AFT and ED reach a settlement in the public service workers’ loan forgiveness suit.
The American Federation of Teachers (AFT), one of the largest teachers’ unions, its President Randi Weingarten, and the Department of Education (ED) have announced a settlement regarding loan forgiveness for public service employees (the PSLF program) and citing the agreement as a “landmark settlement.” The legal case, Weingarten v. DeVos, was initially filed in July 2019 and its finalization will now “hold the federal government accountable for its failure to manage the Public Service Loan Forgiveness program,” according to the announcement.

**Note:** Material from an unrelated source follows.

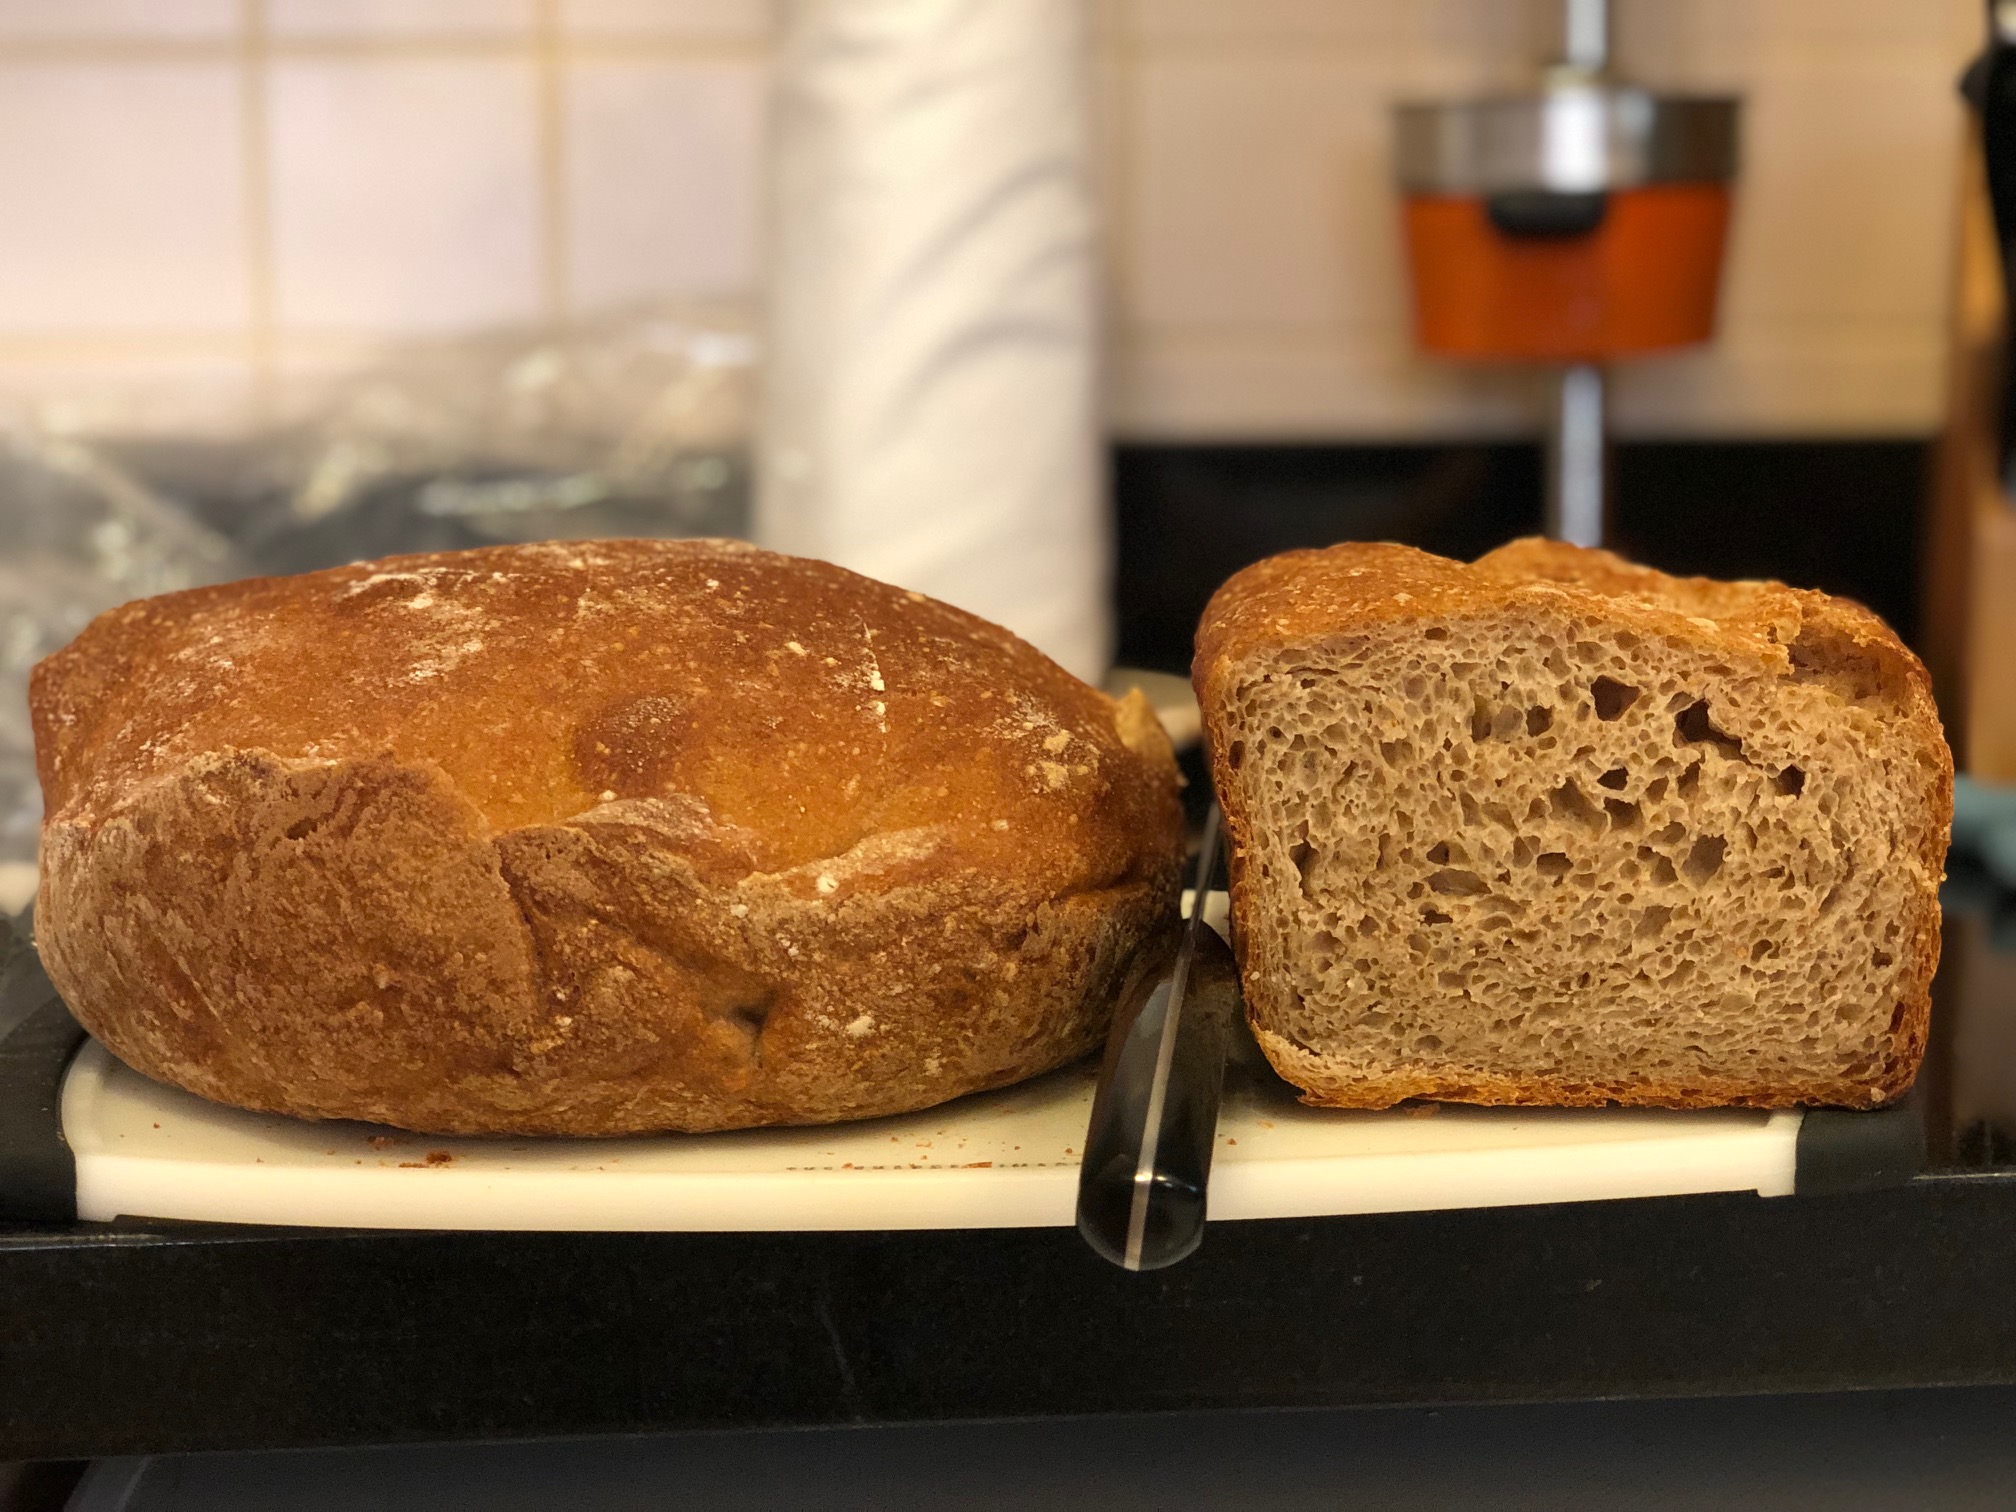 The dutch oven loaf rose better.  Denser crumb on the bottom. 
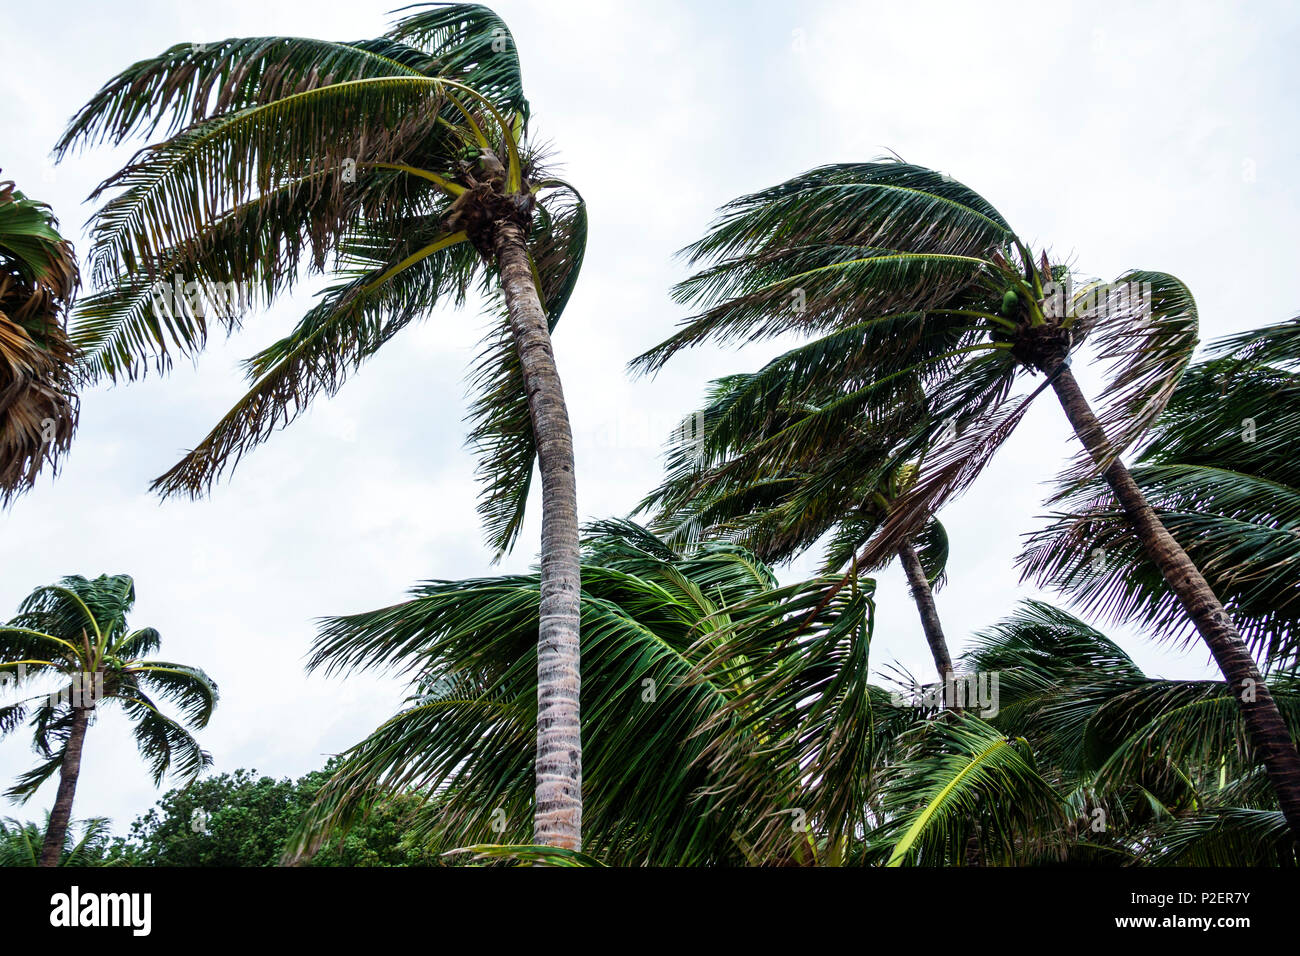 Miami Beach Florida, Marjory Stoneman Douglas Park, Hurrikan Irma, tropische Sturmwinde, sich biegende Palmen, Wedel wehen, grauer Himmel, windig, FL17 Stockfoto

“This agreement unravels the Gordian knot of PSLF’s implementation and shows the power of advocacy and collective action,” Weingarten said, adding: “It represents a game-changing victory for the millions of educators, nurses, public employees, and other AFT members yoked to crushing monthly repayments that have upended their lives. And it gives muscle and teeth to the Education Department’s reforms to PSLF announced [this month].”
The PSLF program was put into place by Congress in 2007 and allows the government as well as non-profit employees with federally backed student loans to apply for forgiveness after 120 monthly payments under a “qualifying repayment plan,” as defined by the federal government. In order to receive forgiveness, employees are required to provide proof of service.
However, being granted forgiveness has proven to be much more difficult than the government made it seemed, with some who applied going into unmanageable debt before it being granted and others not being offered forgiveness at all, even after they were able to provide proof of service.
A bipartisan bill was introduced in April 2021, which was designed to make needed adjustments to the PSLF program specifically for military members. Congress, in 2018, gave ED $700 million to create the Temporary Expanded Public Service Loan Forgiveness Program (TEPSLF), a modified version of PSLF, and yet the number of individuals actually granted forgiveness has remained extremely low.
As of April 30, 2021, according to Federal Student Aid, PSLF had an “approval rate of 2%. Only 3,458 out of 168,702 completed PSLF forms submitted met the requirements for loan forgiveness.” At the same time, “TEPSLF had an approval rate of 3.4%, with only 224 forms out of 6,629 forms meeting the government’s requirements.” The servicer tied to the PSLF program has projected only “22% of borrowers are on track for forgiveness in the next five years,” according to its records.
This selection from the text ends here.